[[ Exercise data open ]]

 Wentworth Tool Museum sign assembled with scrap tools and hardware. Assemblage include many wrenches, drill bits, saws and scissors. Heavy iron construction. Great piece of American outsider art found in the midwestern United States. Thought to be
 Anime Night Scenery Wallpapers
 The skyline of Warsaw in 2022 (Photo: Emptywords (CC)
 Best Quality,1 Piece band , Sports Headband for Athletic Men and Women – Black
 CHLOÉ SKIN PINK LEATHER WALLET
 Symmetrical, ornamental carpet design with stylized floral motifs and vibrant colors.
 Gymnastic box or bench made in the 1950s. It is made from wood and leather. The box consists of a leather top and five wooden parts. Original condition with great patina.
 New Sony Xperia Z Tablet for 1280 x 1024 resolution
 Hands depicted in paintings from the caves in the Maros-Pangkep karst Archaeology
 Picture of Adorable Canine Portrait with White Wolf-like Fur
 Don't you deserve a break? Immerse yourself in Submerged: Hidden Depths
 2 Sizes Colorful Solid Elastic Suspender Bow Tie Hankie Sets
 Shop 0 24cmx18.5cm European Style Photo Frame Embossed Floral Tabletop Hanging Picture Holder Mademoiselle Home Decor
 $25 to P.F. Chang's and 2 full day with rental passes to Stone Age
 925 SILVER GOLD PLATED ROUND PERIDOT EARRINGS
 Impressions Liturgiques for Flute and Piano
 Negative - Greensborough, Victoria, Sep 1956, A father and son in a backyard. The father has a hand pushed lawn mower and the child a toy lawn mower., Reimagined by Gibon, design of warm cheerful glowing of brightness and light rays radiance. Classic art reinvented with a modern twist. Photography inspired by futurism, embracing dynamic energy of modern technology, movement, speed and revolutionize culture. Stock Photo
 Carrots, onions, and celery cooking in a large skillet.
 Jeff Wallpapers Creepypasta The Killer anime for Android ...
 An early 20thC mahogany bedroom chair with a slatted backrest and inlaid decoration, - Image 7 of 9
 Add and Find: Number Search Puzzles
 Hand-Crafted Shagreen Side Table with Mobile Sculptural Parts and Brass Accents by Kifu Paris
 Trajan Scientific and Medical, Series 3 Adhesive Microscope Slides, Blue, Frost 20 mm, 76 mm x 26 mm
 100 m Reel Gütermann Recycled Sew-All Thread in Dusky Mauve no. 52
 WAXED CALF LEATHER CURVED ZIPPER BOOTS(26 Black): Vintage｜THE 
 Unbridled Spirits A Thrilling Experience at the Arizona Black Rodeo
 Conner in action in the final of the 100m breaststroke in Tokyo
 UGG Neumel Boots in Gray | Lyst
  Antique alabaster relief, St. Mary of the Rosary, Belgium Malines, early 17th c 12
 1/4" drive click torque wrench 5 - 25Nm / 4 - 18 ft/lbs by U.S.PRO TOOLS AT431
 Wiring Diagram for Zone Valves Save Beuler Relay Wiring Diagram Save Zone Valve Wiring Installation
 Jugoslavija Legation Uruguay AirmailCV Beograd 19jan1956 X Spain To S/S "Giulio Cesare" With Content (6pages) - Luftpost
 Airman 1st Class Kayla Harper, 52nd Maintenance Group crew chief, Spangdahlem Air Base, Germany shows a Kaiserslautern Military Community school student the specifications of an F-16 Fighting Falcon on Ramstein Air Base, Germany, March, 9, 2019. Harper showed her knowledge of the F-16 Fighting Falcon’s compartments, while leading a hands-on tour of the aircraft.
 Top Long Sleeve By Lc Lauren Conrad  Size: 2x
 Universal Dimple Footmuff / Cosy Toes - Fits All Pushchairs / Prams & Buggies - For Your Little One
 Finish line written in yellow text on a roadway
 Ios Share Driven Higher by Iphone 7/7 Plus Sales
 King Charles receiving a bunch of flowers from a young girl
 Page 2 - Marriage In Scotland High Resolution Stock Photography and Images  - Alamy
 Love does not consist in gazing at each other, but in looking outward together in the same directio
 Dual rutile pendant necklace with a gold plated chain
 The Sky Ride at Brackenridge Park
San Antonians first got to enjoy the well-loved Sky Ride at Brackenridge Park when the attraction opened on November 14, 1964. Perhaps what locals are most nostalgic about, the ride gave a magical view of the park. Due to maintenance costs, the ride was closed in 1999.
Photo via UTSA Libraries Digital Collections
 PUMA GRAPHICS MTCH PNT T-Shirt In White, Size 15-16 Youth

[[ Exercise data closed ]]

Your assignment:
From the first line to the last, give the data again exactly.

Answer to the exercise:
 Wentworth Tool Museum sign assembled with scrap tools and hardware. Assemblage include many wrenches, drill bits, saws and scissors. Heavy iron construction. Great piece of American outsider art found in the midwestern United States. Thought to be
 Anime Night Scenery Wallpapers
 The skyline of Warsaw in 2022 (Photo: Emptywords (CC)
 Best Quality,1 Piece band , Sports Headband for Athletic Men and Women – Black
 CHLOÉ SKIN PINK LEATHER WALLET
 Symmetrical, ornamental carpet design with stylized floral motifs and vibrant colors.
 Gymnastic box or bench made in the 1950s. It is made from wood and leather. The box consists of a leather top and five wooden parts. Original condition with great patina.
 New Sony Xperia Z Tablet for 1280 x 1024 resolution
 Hands depicted in paintings from the caves in the Maros-Pangkep karst Archaeology
 Picture of Adorable Canine Portrait with White Wolf-like Fur
 Don't you deserve a break? Immerse yourself in Submerged: Hidden Depths
 2 Sizes Colorful Solid Elastic Suspender Bow Tie Hankie Sets
 Shop 0 24cmx18.5cm European Style Photo Frame Embossed Floral Tabletop Hanging Picture Holder Mademoiselle Home Decor
 $25 to P.F. Chang's and 2 full day with rental passes to Stone Age
 925 SILVER GOLD PLATED ROUND PERIDOT EARRINGS
 Impressions Liturgiques for Flute and Piano
 Negative - Greensborough, Victoria, Sep 1956, A father and son in a backyard. The father has a hand pushed lawn mower and the child a toy lawn mower., Reimagined by Gibon, design of warm cheerful glowing of brightness and light rays radiance. Classic art reinvented with a modern twist. Photography inspired by futurism, embracing dynamic energy of modern technology, movement, speed and revolutionize culture. Stock Photo
 Carrots, onions, and celery cooking in a large skillet.
 Jeff Wallpapers Creepypasta The Killer anime for Android ...
 An early 20thC mahogany bedroom chair with a slatted backrest and inlaid decoration, - Image 7 of 9
 Add and Find: Number Search Puzzles
 Hand-Crafted Shagreen Side Table with Mobile Sculptural Parts and Brass Accents by Kifu Paris
 Trajan Scientific and Medical, Series 3 Adhesive Microscope Slides, Blue, Frost 20 mm, 76 mm x 26 mm
 100 m Reel Gütermann Recycled Sew-All Thread in Dusky Mauve no. 52
 WAXED CALF LEATHER CURVED ZIPPER BOOTS(26 Black): Vintage｜THE 
 Unbridled Spirits A Thrilling Experience at the Arizona Black Rodeo
 Conner in action in the final of the 100m breaststroke in Tokyo
 UGG Neumel Boots in Gray | Lyst
  Antique alabaster relief, St. Mary of the Rosary, Belgium Malines, early 17th c 12
 1/4" drive click torque wrench 5 - 25Nm / 4 - 18 ft/lbs by U.S.PRO TOOLS AT431
 Wiring Diagram for Zone Valves Save Beuler Relay Wiring Diagram Save Zone Valve Wiring Installation
 Jugoslavija Legation Uruguay AirmailCV Beograd 19jan1956 X Spain To S/S "Giulio Cesare" With Content (6pages) - Luftpost
 Airman 1st Class Kayla Harper, 52nd Maintenance Group crew chief, Spangdahlem Air Base, Germany shows a Kaiserslautern Military Community school student the specifications of an F-16 Fighting Falcon on Ramstein Air Base, Germany, March, 9, 2019. Harper showed her knowledge of the F-16 Fighting Falcon’s compartments, while leading a hands-on tour of the aircraft.
 Top Long Sleeve By Lc Lauren Conrad  Size: 2x
 Universal Dimple Footmuff / Cosy Toes - Fits All Pushchairs / Prams & Buggies - For Your Little One
 Finish line written in yellow text on a roadway
 Ios Share Driven Higher by Iphone 7/7 Plus Sales
 King Charles receiving a bunch of flowers from a young girl
 Page 2 - Marriage In Scotland High Resolution Stock Photography and Images  - Alamy
 Love does not consist in gazing at each other, but in looking outward together in the same directio
 Dual rutile pendant necklace with a gold plated chain
 The Sky Ride at Brackenridge Park
San Antonians first got to enjoy the well-loved Sky Ride at Brackenridge Park when the attraction opened on November 14, 1964. Perhaps what locals are most nostalgic about, the ride gave a magical view of the park. Due to maintenance costs, the ride was closed in 1999.
Photo via UTSA Libraries Digital Collections
 PUMA GRAPHICS MTCH PNT T-Shirt In White, Size 15-16 Youth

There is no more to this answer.